NEW YORK (CNNMoney.com) -- Education stocks were the biggest losers Thursday, led by Apollo Group, whose stock hit a four-year low after the company withdraw its business outlook for 2011.
Shares of Apollo (APOL), whose University of Phoenix is the largest for-profit educational institution, sank 23%, making it the biggest decliner on the S&P 500. The company cited mounting regulatory scrutiny and declining enrollment for pulling its forecast. Devry (DV) was the second-biggest decliner on the S&P 500, with its stock sinking nearly 17%.
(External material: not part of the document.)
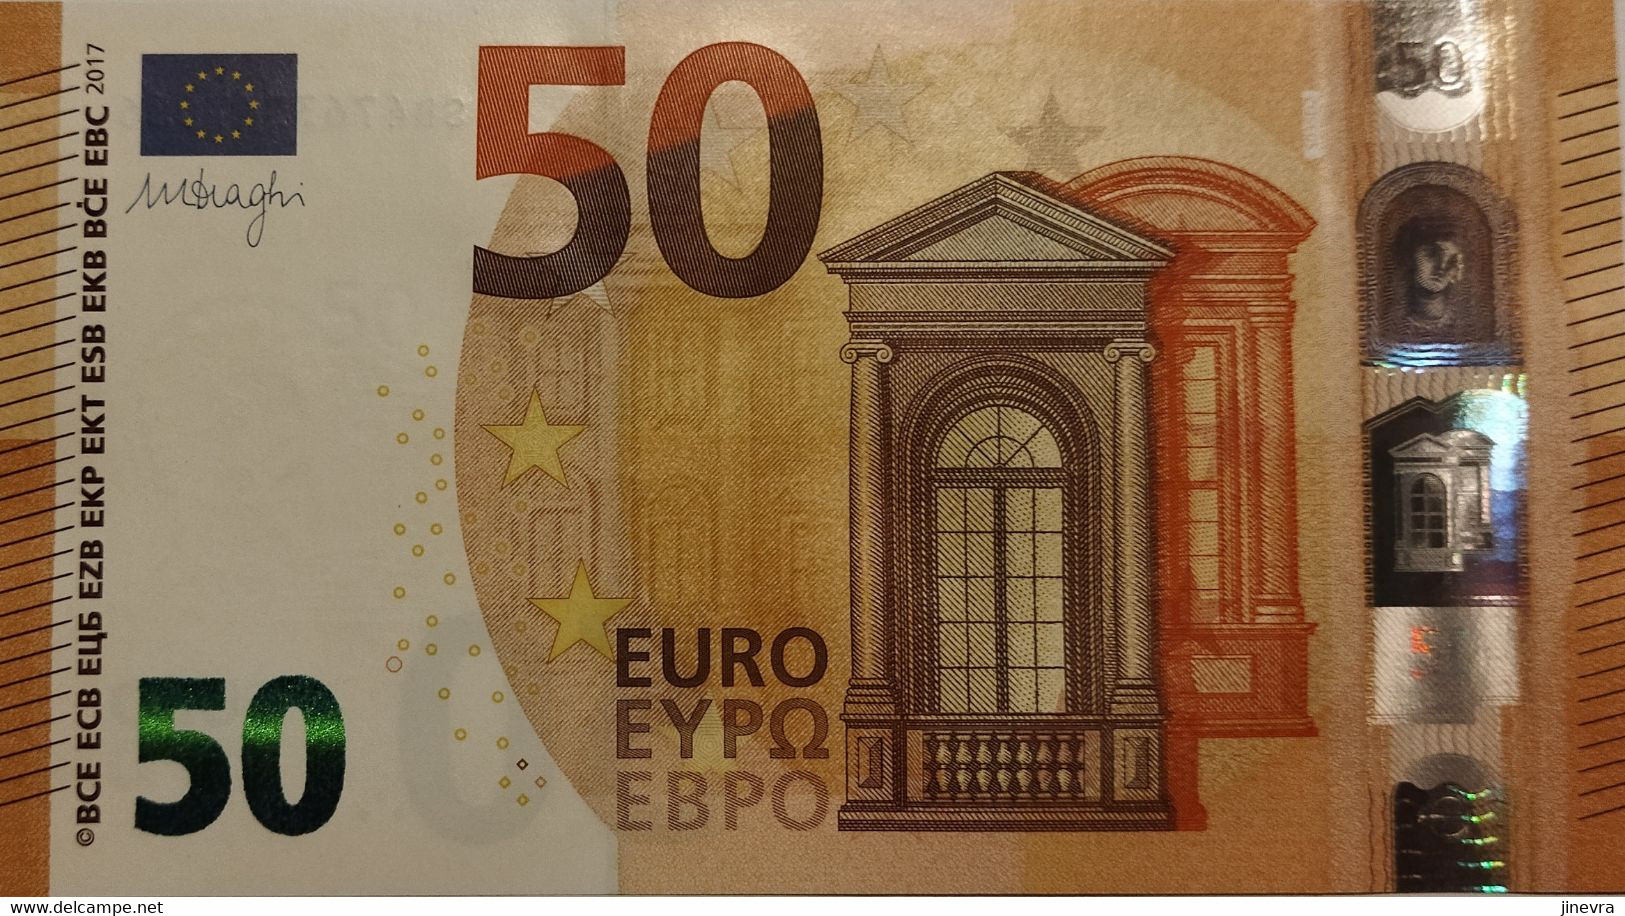 EUROPEAN UNION 50 EURO 2017 PICK 23s UNC - Andere - Europa

For-profit education programs have been under intense pressure lately as the Department of Education works to establish stricter regulations that require the schools to better prepare their graduates for the workforce with "gainful employment" or risk the loss of federal student aid.
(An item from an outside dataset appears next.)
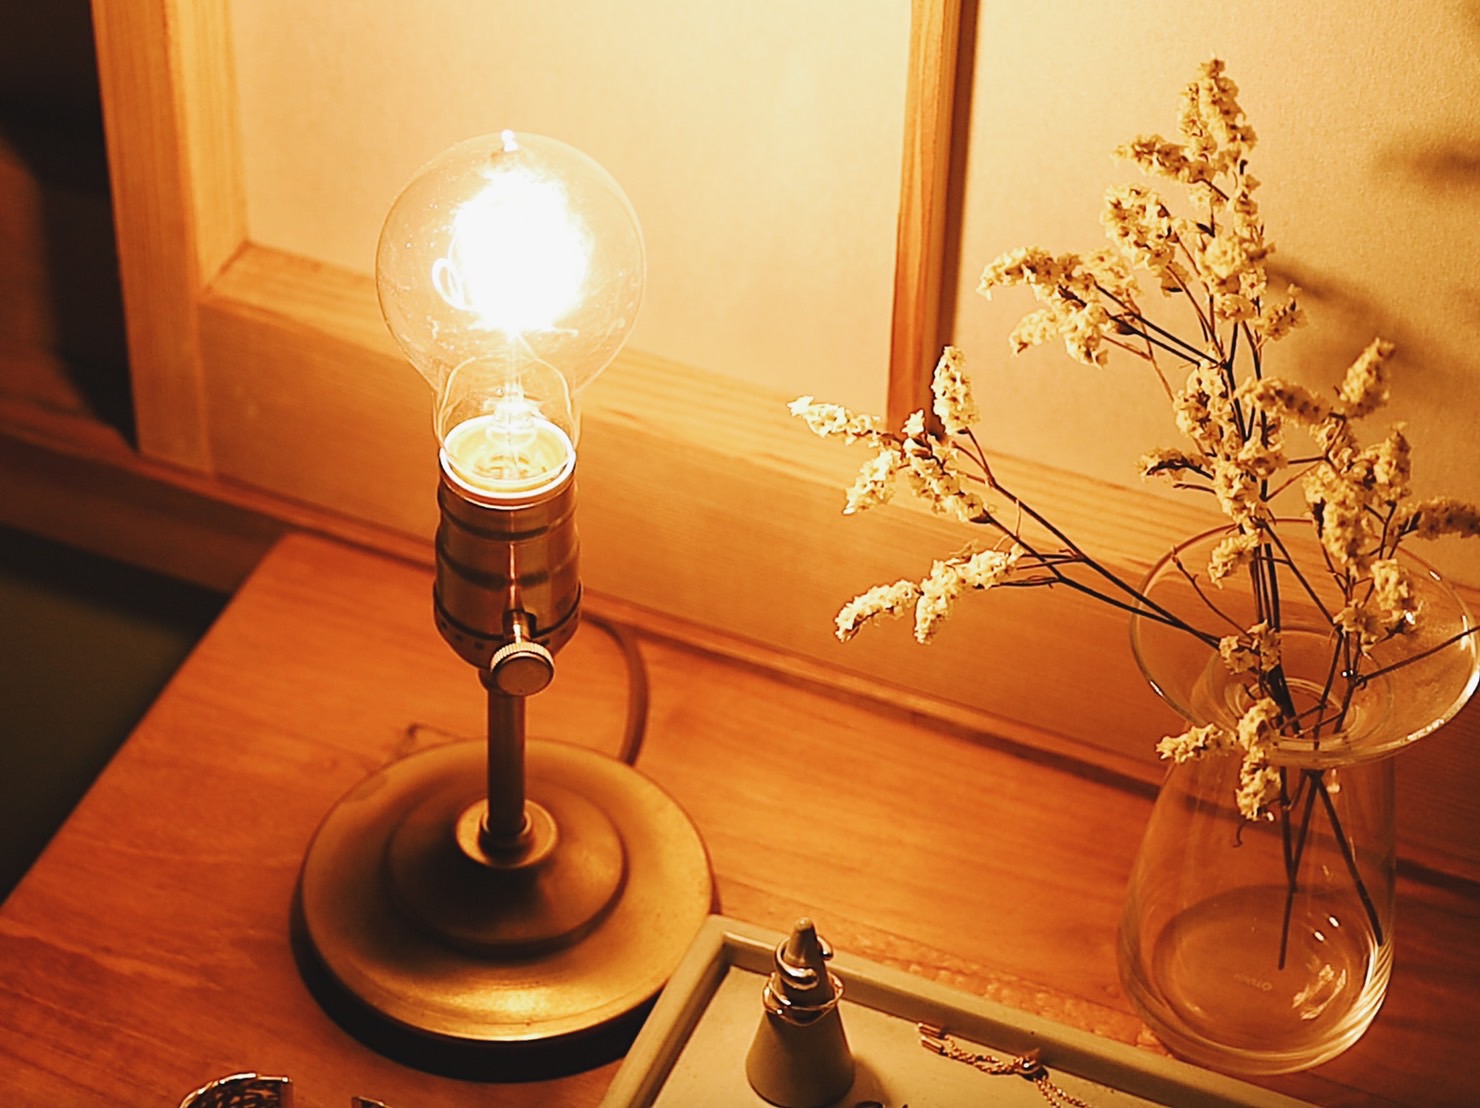 ネジの部分で明るさが二段階に調整できる真鍮のスタンド。別売りのエジソンランプを取り付けられ、アレンジもできちゃいます。和室のあるお部屋に住む際に真似したいアイテムのひとつです。ちなみに、ランプの見た目の可愛さと暖色系の明かりに癒され、就寝前の時間が充実したんだとか。(このお部屋を見る)

Meanwhile shares of Corinthian Colleges (COCO) plummeted 20%. ITT Educational Services (ESU), Bridgepoint Education Inc. (BPI) and Career Education Corp. (CECO), which owns brands including Le Cordon Bleu, plunged 15%. Shares of , Grand Canyon Education Inc. (LOPE) and Washington Post Co. (WPO, Fortune 500), which own Kaplan, also tumbled.
"While a majority of career colleges play a vital role in training our workforce to be globally competitive, some bad actors are saddling students with debt they cannot afford in exchange for degrees and certificates they cannot use," Education Secretary Arne Duncan said last month.
Apollo released its fiscal-fourth quarter results late Wednesday. Both profit and revenue barely nudged ahead of analyst estimates. At the same time, the company invalidated its previously reported guidance for "high-single digit" revenue growth and "flat" operating income in fiscal 2011.
The company blamed an "uncertain regulatory environment," adding that the increased scrutiny has led to "heightened media attention, much of which has portrayed the sector in a negative light."
Apollo also said that drop in new enrollment at the University of Phoenix is expected to accelerate in the upcoming quarter.
Apollo added that the school is developing strategies designed to enroll students who have a "greater likelihood to succeed" in its programs.
"The entire for-profit education industry is going through a major transition in its business model, and Apollo is trying to be proactive by making changes instead of waiting before they become necessary," said Arvind Bhatia, analyst at Sterne, Agee & Leach. "That will force the other industry players to follow suit. It will be a painful process for the company earnings and for investors, but it has to be done sooner or later."
Though it could take years for schools to change their practices so they are compliant with government rules and reset their earnings, Bhatia said the stocks will become attractive again once they are able to start with a clean slate.